In [1]:
# Cyberthon Data Science Training Materials
# Author: Ragul Balaji <ragulbalaji@ctf.sg>
# Dataset: Public Domain
# ALT-TAB LABS LLP (C) 2019-2022

If you're opening this locally, make sure your environment has an install of the packages from the following versions. Uncomment the following cell and run it.

In [2]:
#! pip install pandas==1.1.5 scikit-learn==1.0.2 matplotlib==3.5.1

# Part I: The Problem

Can we predict who sent a tweet? 🤔

This is a classification problem - the target variable belongs to either of the two categories, in our example, the categories are `Donald Trump` and `Justin Trudeau`.

Let's dive in and explore!

## Loading the Dataset

We will load the file `train.csv` using pandas `read.csv()` into a `Dataframe` object.

In [1]:
import pandas as pd

data = pd.read_csv("train.csv")
data.head()

Unnamed: 0,trainid,author,status
0,0,Justin Trudeau,RT @CQualtro: Félicitations #Amazon pour l'exp...
1,1,Justin Trudeau,Nous cherchons à résoudre les enjeux qui compt...
2,2,Donald J. Trump,Heading into the 12 days with great negotiatin...
3,3,Donald J. Trump,The long anticipated release of the #JFKFiles ...
4,4,Donald J. Trump,....for the Middle Class. The House and Senate...


## Target variable and Predictor(s)

We first identify that our target variable is `"author"`, and our predictor variable is `"status"`.

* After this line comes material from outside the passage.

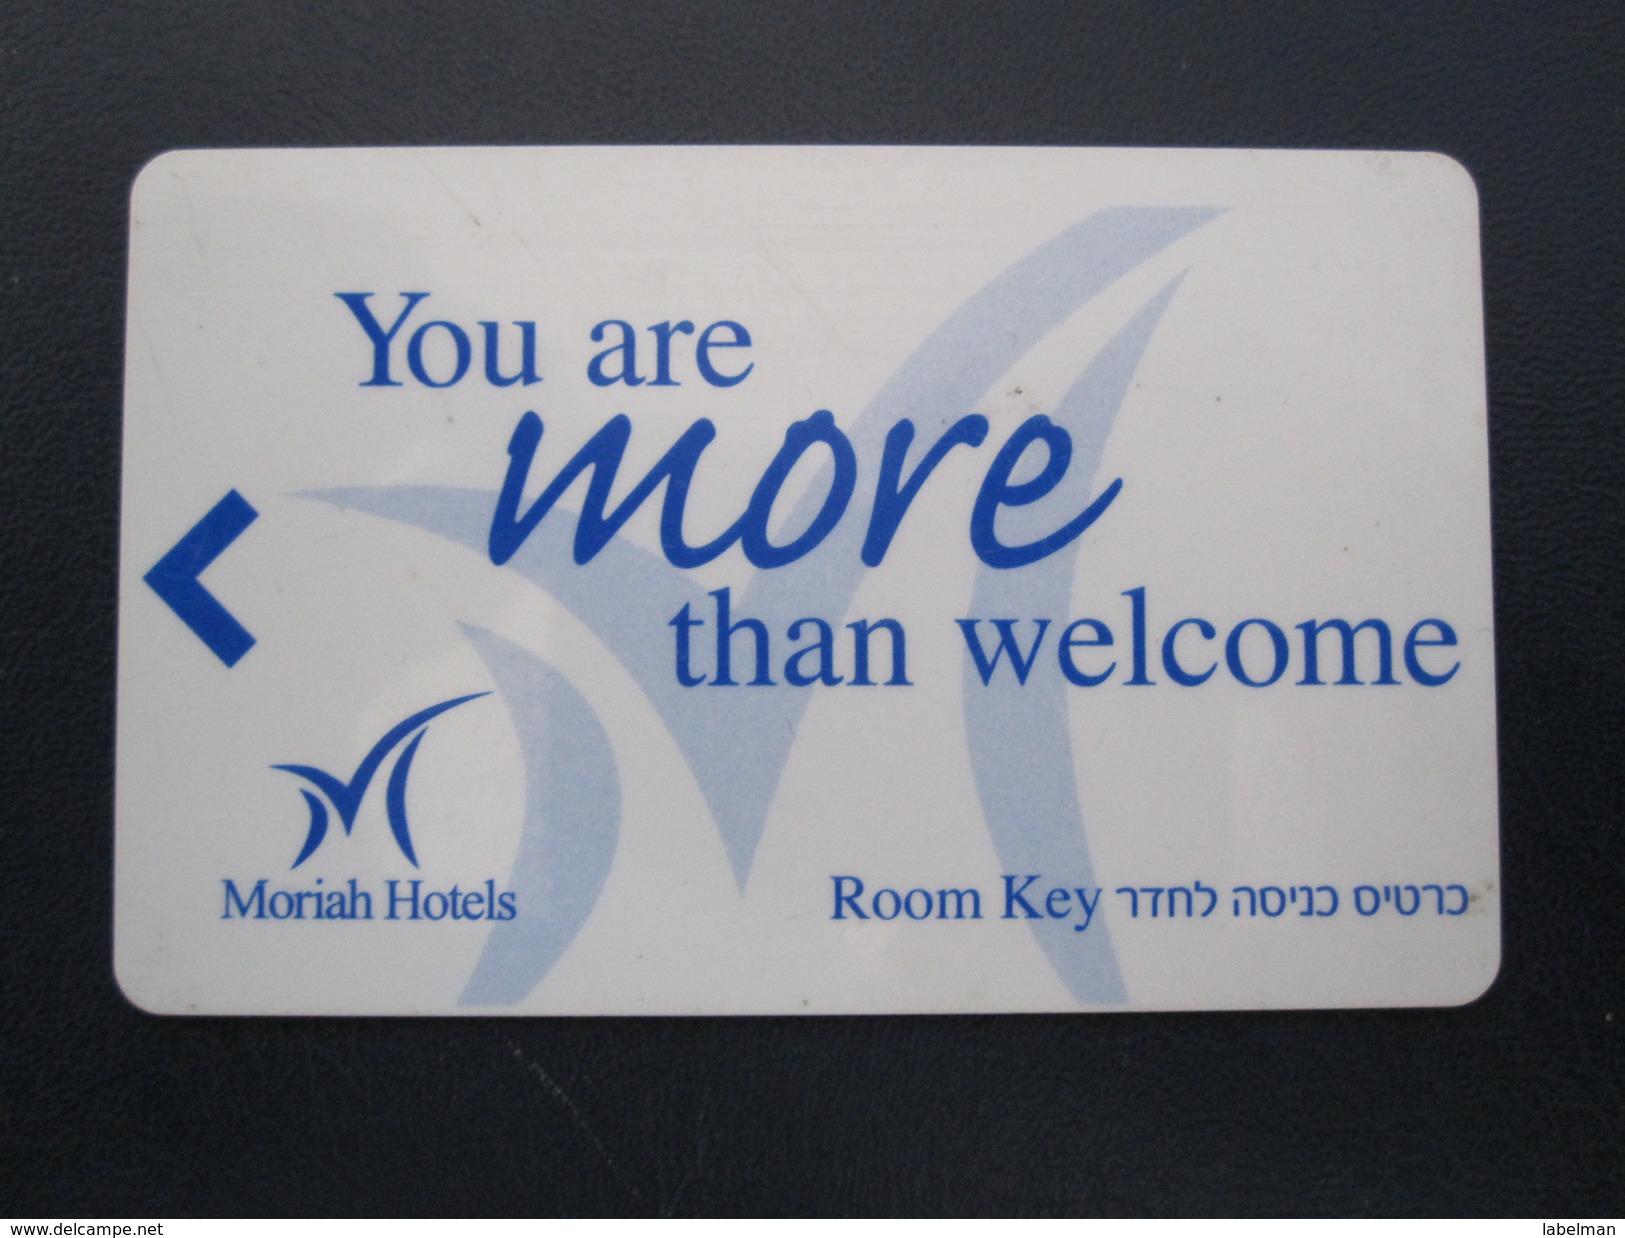 HOTEL MOTEL MOTOR HOUSE CLUB INN MORIAH TEL AVIV TIBERIAS DEAD SEA HAIFA JERUSALEM TIBERIAS EILAT KEY TOWEL CARD ISRAEL - Hotel Labels

You can also apply stemming/lemmatization (covered earlier), or engineer new features that could be useful in model prediction (not covered).

In [2]:
# identify target and predictor
y = data['author']
X = data['status']

## Training set and validation set

### Training set

- data used to train our model
- data and labels are provided to the model, the model tune its parameters to fit the model

### Validation set

- Data used to test our model after it has been trained
- Predicted labels are compared against our true labels to compute the accuracy, to determine the model's performance.

### Why shouldn't the model be trained using the test set too?

- We want our model to generalize well on unseen data.
- Trained model gains information about the validation set and the predictions made by the model will be biased towards the validation set, resulting in overestimation of the model's performance.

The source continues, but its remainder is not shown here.